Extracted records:

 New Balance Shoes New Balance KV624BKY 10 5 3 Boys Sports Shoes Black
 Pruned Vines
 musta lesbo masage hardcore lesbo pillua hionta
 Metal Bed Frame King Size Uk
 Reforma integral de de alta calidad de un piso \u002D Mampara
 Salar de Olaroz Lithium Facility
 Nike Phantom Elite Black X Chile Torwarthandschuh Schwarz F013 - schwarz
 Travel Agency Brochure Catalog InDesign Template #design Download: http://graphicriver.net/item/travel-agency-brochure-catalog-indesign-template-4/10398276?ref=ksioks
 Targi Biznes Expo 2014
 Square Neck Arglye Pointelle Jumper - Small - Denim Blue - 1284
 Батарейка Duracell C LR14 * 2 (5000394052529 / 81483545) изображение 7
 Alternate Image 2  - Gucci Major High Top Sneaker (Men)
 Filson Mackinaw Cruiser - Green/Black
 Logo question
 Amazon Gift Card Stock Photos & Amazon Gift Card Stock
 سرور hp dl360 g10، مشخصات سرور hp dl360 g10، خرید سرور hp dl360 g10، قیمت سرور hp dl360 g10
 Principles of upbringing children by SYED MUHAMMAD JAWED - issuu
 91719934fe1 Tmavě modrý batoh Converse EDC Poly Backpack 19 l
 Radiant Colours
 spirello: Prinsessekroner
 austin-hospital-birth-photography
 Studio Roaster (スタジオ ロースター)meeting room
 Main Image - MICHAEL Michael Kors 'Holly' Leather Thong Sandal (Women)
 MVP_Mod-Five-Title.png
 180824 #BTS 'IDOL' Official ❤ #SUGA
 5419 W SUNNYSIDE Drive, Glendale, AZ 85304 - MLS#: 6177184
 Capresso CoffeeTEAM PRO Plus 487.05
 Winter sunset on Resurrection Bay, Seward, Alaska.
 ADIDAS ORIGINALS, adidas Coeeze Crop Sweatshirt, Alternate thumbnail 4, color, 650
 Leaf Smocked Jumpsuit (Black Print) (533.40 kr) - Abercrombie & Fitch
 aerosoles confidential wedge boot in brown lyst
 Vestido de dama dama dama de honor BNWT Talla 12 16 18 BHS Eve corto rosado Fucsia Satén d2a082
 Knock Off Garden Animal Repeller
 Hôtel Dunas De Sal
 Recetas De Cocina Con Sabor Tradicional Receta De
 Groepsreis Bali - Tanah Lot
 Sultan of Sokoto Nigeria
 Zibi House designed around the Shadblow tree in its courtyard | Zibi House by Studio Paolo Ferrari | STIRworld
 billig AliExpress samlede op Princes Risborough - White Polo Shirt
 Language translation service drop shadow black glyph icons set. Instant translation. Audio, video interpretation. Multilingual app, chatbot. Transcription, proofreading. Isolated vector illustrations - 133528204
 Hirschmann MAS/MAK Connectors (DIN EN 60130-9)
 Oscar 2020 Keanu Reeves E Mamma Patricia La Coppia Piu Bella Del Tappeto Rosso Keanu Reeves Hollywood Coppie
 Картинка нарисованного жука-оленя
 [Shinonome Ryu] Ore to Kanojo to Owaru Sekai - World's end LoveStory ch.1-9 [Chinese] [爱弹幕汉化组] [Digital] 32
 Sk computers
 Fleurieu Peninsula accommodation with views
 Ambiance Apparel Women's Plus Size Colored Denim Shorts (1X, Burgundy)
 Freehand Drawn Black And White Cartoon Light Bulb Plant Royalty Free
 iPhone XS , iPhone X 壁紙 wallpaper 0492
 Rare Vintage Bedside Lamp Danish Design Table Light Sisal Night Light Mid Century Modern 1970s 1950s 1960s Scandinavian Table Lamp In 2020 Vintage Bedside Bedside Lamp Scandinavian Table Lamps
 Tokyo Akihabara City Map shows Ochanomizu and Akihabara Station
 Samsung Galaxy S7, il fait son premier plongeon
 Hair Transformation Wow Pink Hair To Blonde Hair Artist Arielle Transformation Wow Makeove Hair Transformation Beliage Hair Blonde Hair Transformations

▸ Task prompt
Give only a number, the count of lines above that include the string "Women".

▸ Exercise output
2